Не проходит и пяти минут, и наши подсадные снова начинают крякать. Сквозь круглые бойницы, в которые просунуты дула наших ружей, нам ясно видна большая стая диких уток. Они летят высоко, стремительно и быстро проносятся над нами. Их белые подкрылья поблескивают, точно отлитые из платины. Стая почти исчезает из виду, не обращая внимания на призывы подсадных, но вот она разворачивается и летит обратно, минует черную полосу верб, то растягиваясь, то сбиваясь в плотное ядро, и направляется к нашему болоту. Утки, опустив отвесно крылья, со свистом пролетают над скрадком и одна за другой опускаются на воду. Вода словно закипает. Наши два селезня, встревоженные появлением диких соперников, быстро машут своими короткими хвостами. Их подруги радостно приветствуют диких сестер. «Бжит-бжит!» – сердятся селезни. «Кря-кря-кря!» – волнуются утицы. Только гости молчат. Сидя густо одна к другой, они застыли, задрав головы, точно предчувствуя что-то недоброе. Все они сверкают чистотой. Темно-зеленые головки селезней отливают бронзой. С белыми ошейниками, с лиловыми зеркальцами на крыльях, с серо-сиреневой грудкой, с темными бархатными хвостиками, зеленоватые косички которых завиваются колечками, они похожи на знатных гостей, на женихов, разодевшихся для свадебного пира. Среди них желтеют скромными серо-коричневыми нарядами их подруги, миловидные и более спокойные, – видно, они рассчитывают на бдительность своих кавалеров. И все это блестящее свадебное общество, эта густая масса слегка покачивающихся на воде диких уток так близка к нам, что глаз различает каждый оттенок на перьях, каждый полутон вместе с отражением его в воде…
Тогда охотничья страсть перерастает в наших душах в настоящее безумие. Страшное пламя зажигается у нас в глазах, руки дрожат. Мы тихонько просовываем дула ружей в узкие круглые отверстия. Щеки прижимаются к прикладам, пальцы – к куркам, и мы командуем себе: «Раз, два… три!» Четыре выстрела гремят вразнобой. Болото снова закипает, снова хлопают крылья, снова крякают наши подсадные, словно испытывая предательскую радость при виде раненых и убитых диких птиц. Одни перевернулись на спину и машут лапками, будто прощаются с оставшимися в живых подругами. Другие, подранки, пытаются нырнуть, ища спасения в воде. Третьи спешат выйти на берег и, переваливаясь на коротких коралловых лапках, спасаются бегством. Мы вылезаем из бочки и, шлепая по болоту, подбираем убитых и ловим раненых птиц…

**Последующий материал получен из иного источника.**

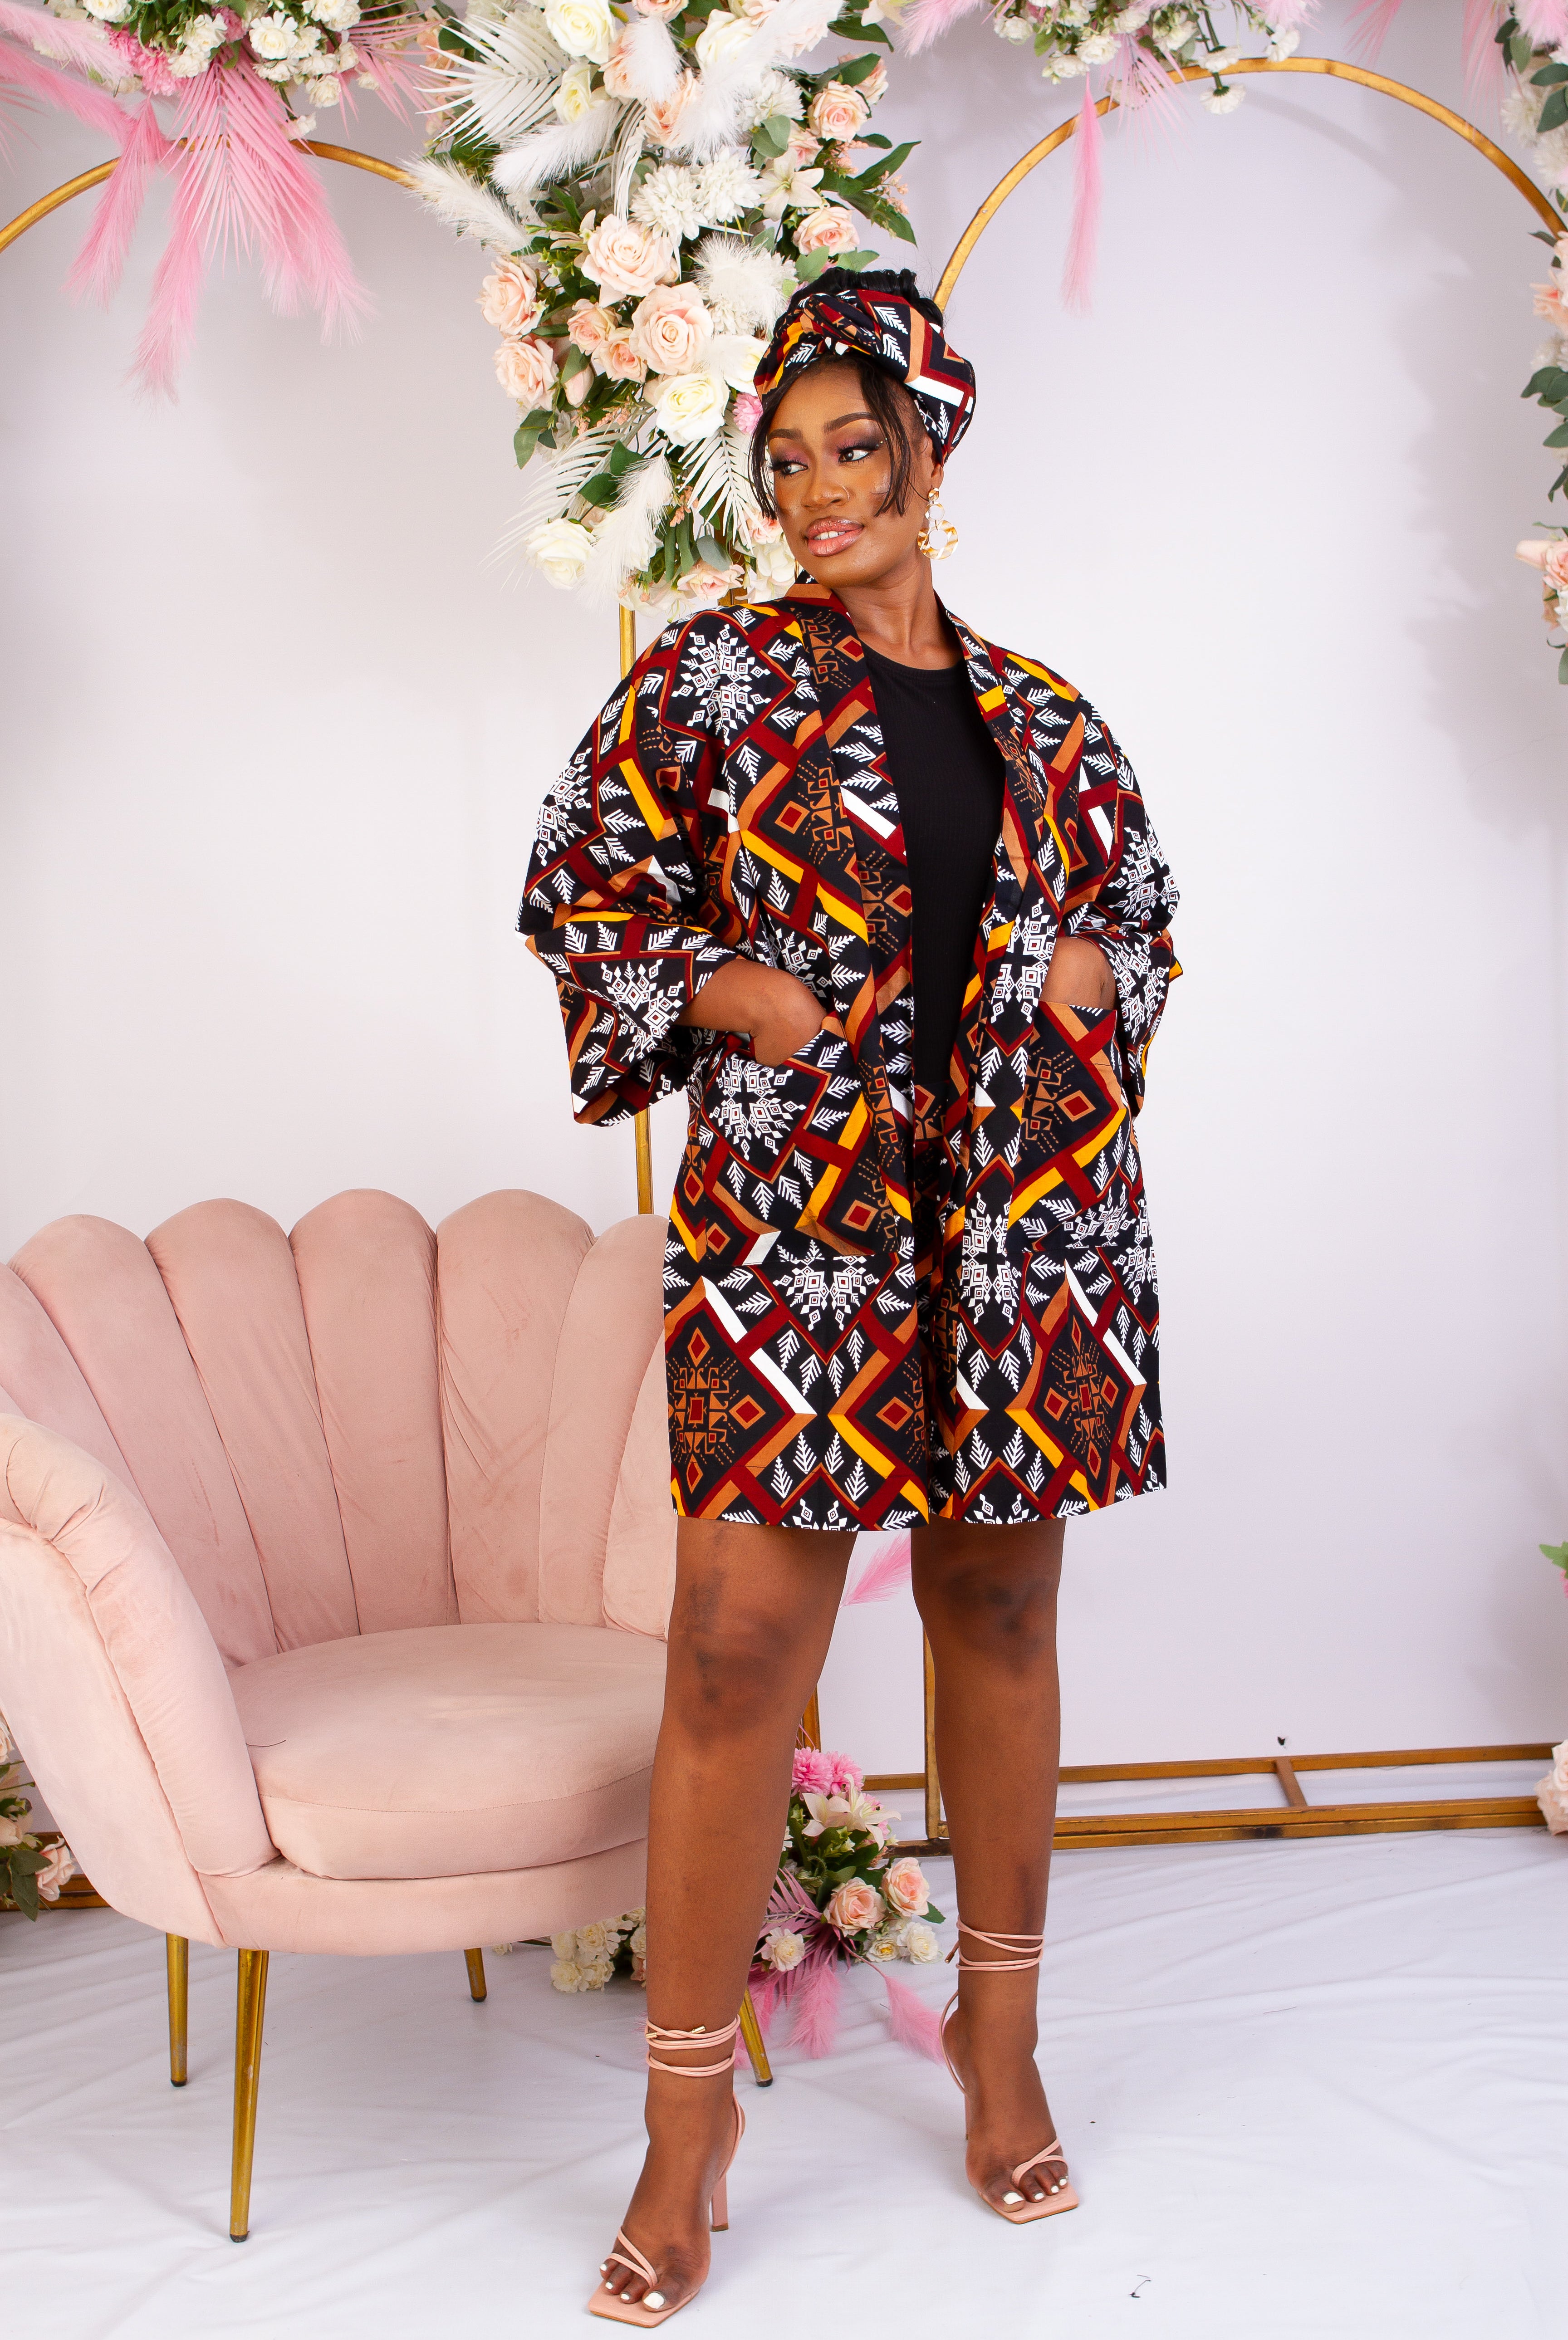 Discover trendy sustainable African apparel in the UK. Handmade African Print Kimono, African print coverups, outerwear for a day on the beach African print Jacket| Ankara jacket | Tribal prints kimono | Floral African print clothing | Cotton Blazer | African print workwear | African clothing UK | Black-owned fashion brand | UK Based African Fashion Brand

Среди раненых уток я как-то присмотрел себе одну пару. Обе птицы были ранены в крыло, не слишком опасно, но улететь не могли.
Я отнес их домой и на всякий случай подрезал им ножницами маховые перья. После этого я посадил их в клетку, насыпал им кукурузы и поставил воды. В клетке они провели несколько дней, а когда привыкли ко мне и немного приручились, я выпустил их к курам, во двор, окруженный высокой каменной оградой.
Появление диких уток вызвало в курином обществе необычайное оживление. Сначала они прятались в траве у ограды и сторонились домашних птиц. Селезень не смел даже крякнуть. Он неизменно ходил следом за своей серенькой робкой подругой, поглядывал на небо и всегда был начеку. Парочка предпочитала проводить время в бурьяне и только к вечеру выходила пощипать низкую люцерну в нижней части двора. Чтоб им было где купаться, я выкопал яму и наполнил ее водой. С тех пор они стали большую часть дня болтаться в этой луже. Казалось, между ними и домашними птицами никакое общение невозможно. Но так было только первые два дня. На третий день произошло нечто необъяснимое: красный петух начал ухаживать за уткой. Селезень кипел негодованием и ревностыо. Между ними началась борьба, в которую скоро вмешался и второй петух, который тоже не остался равнодушен к серенькой дикарке. С утра до вечера трое соперников выдирали друг у друга перья. Во дворе слышалось то сердитое кряканье, то гневное ворчание петухов, то кудахтанье; перья летели во все стороны. Турниры не прекращались ни на минуту. Куры были совершенно забыты своими покровителями, а серая дикарка гордо прохаживалась взад-вперед и, переваливаясь на своих кривых лапах, знать ничего не хотела о страданиях и битвах троих своих поклонников. Она словно сознавала неотразимость своей красоты и выставляла ее напоказ, назло глупым курам. На следующий день красный петух едва не пробил голову второму петуху. С гребешков обоих текла кровь, она уже запачкала им шеи и перья, но борьба с небольшими перерывами продолжалась до самого полудня, пока силы обоих не иссякли. Что касается селезня, он оказался выносливее всех. Сражался он по-своему – хватал клювом одного из петухов и не отпускал, пока в клюве его не оставалось несколько перьев. Иногда он дрался одновременно с обоими петухами, иногда заключал союз с одним против другого. Только ночью, когда петухи и куры рассаживались по веткам большой шелковицы, селезень успокаивался и, никем не тревожимый, отдавался своим чувствам. Но даже и тогда петухи, заслышав его нежное кряканье, посылали ему с шелковицы строгие предупреждения.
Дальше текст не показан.